After locating the line with "Challenge Strada Bianca" in the entries below, output it and each following line up to and including the line with "Helsinki, Finlande - le", exactly and without pictures.

* Input data
···

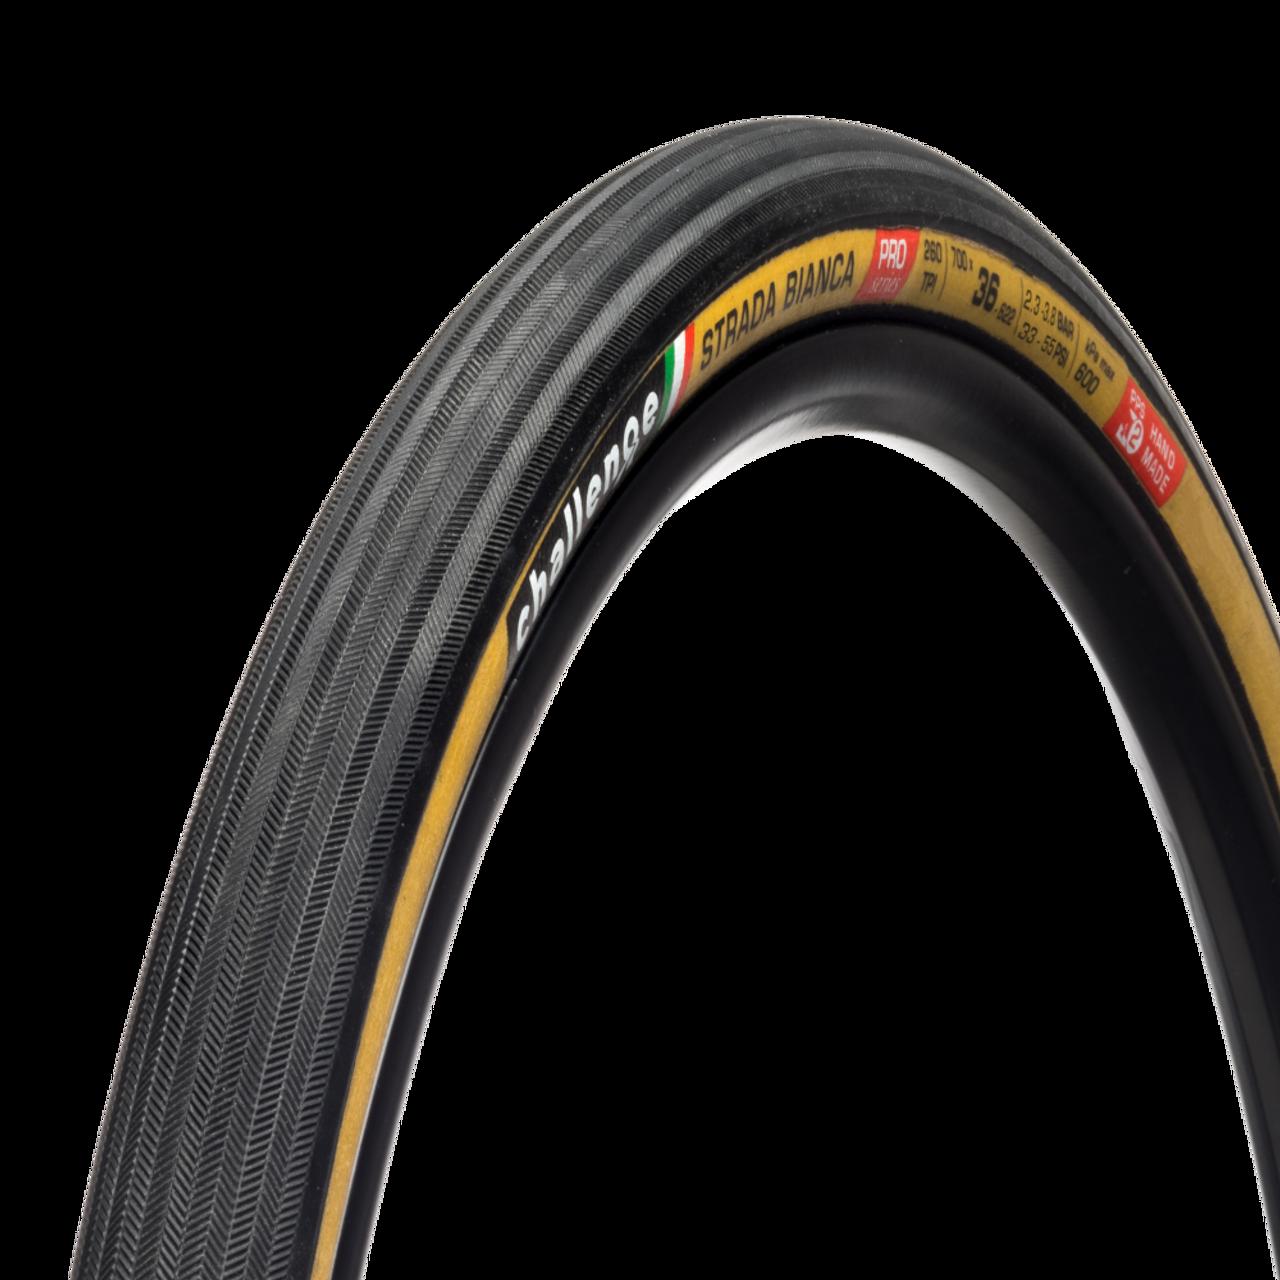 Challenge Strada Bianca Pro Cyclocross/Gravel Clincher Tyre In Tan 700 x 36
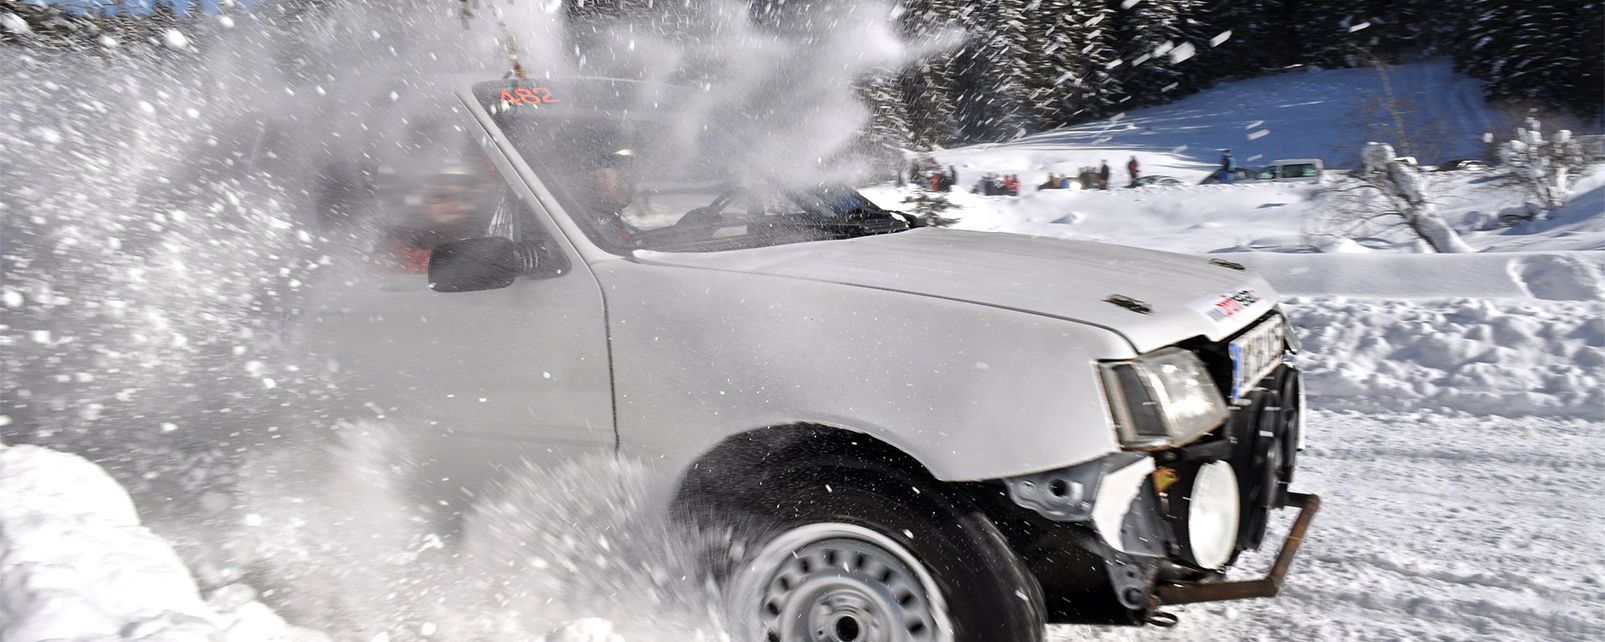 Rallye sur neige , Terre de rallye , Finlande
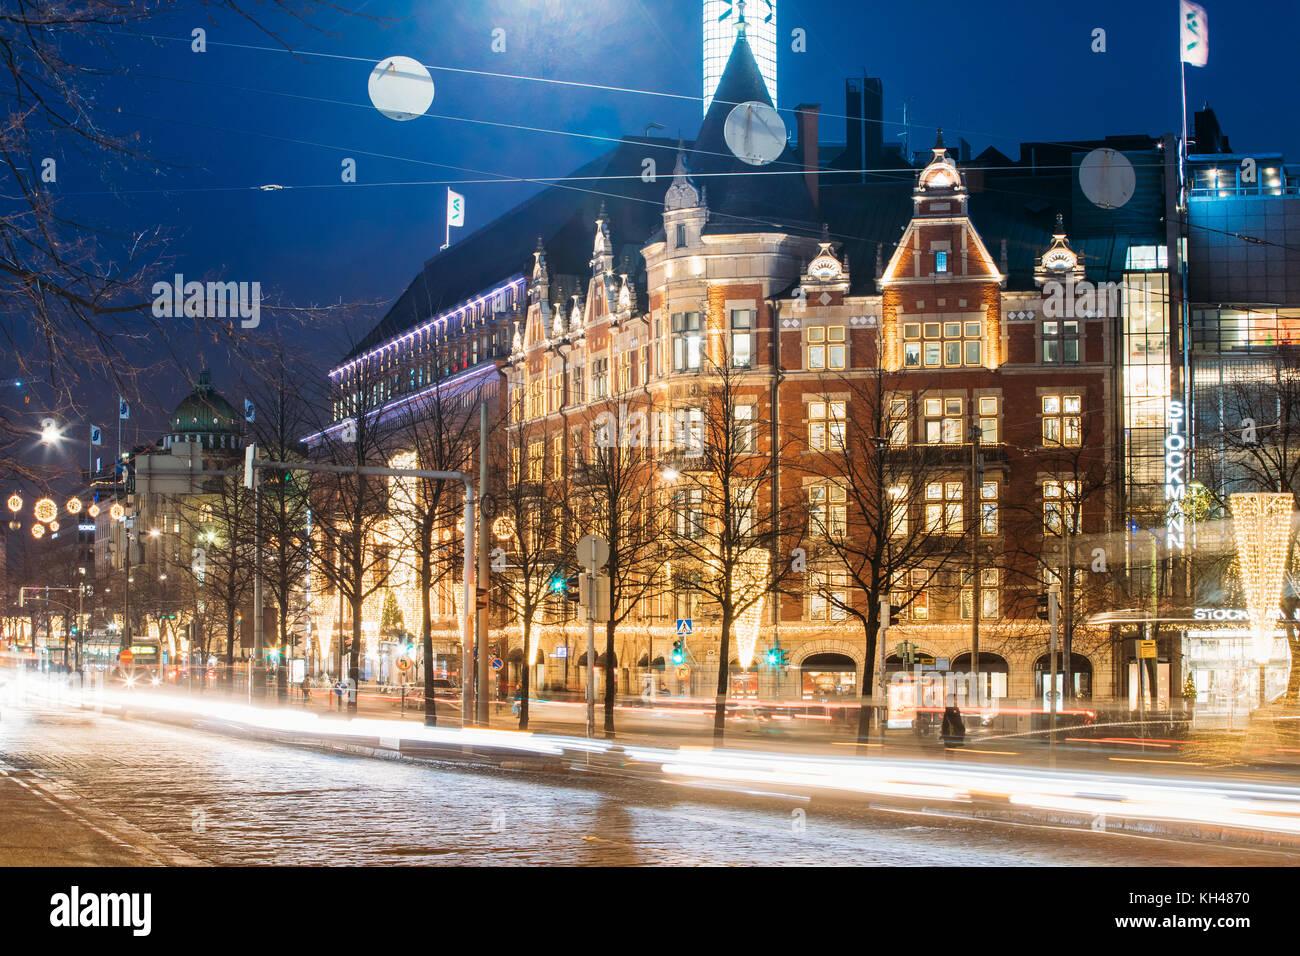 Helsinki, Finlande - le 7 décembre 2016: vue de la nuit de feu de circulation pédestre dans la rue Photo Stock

···

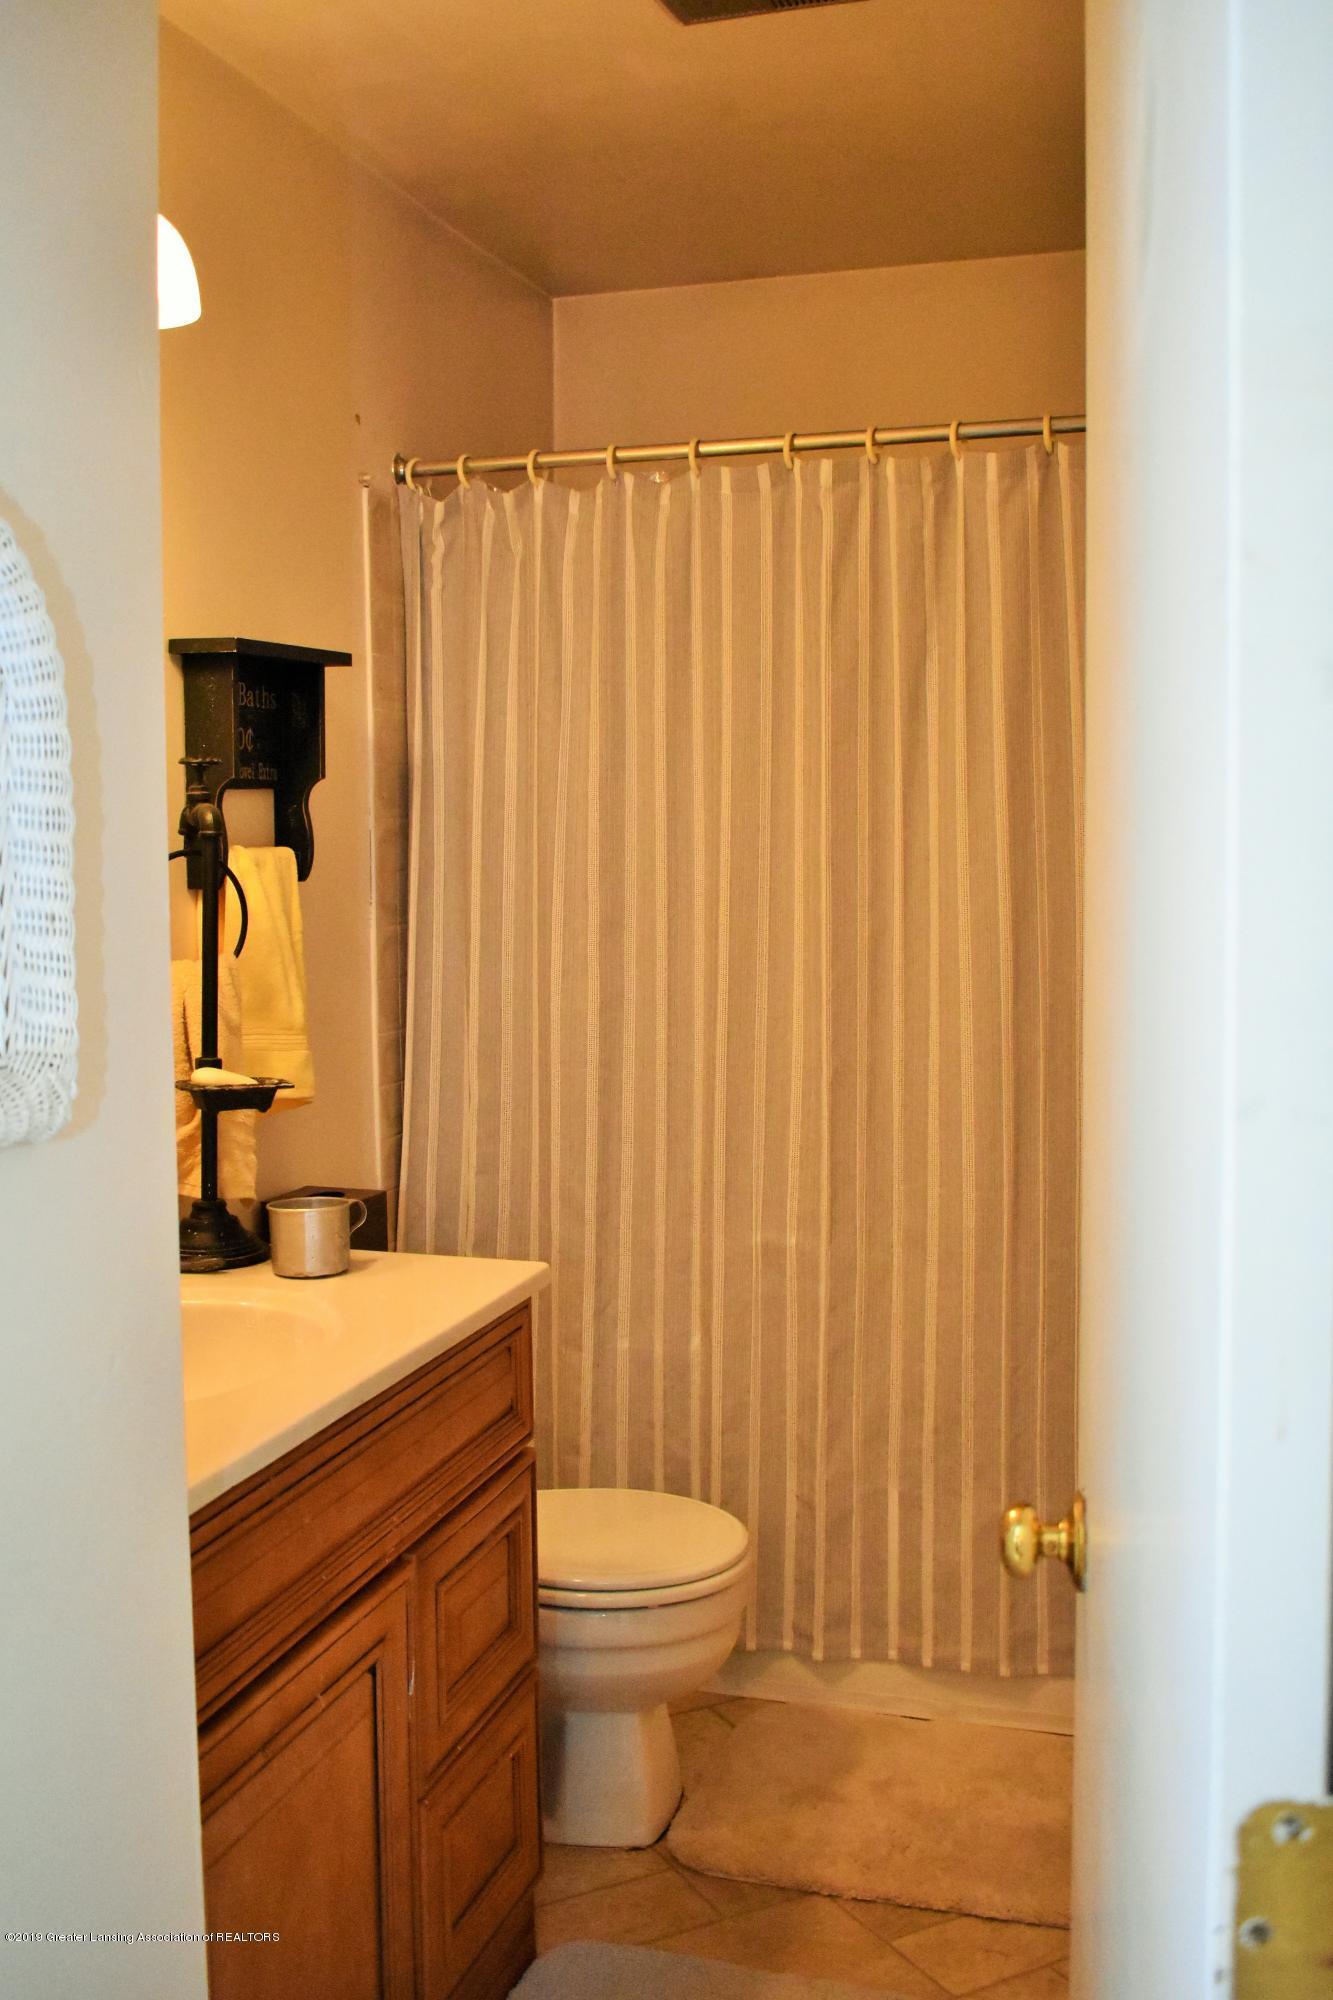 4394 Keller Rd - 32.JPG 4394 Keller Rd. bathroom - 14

···

* Answer section
 Challenge Strada Bianca Pro Cyclocross/Gravel Clincher Tyre In Tan 700 x 36
 Rallye sur neige , Terre de rallye , Finlande
 Helsinki, Finlande - le 7 décembre 2016: vue de la nuit de feu de circulation pédestre dans la rue Photo Stock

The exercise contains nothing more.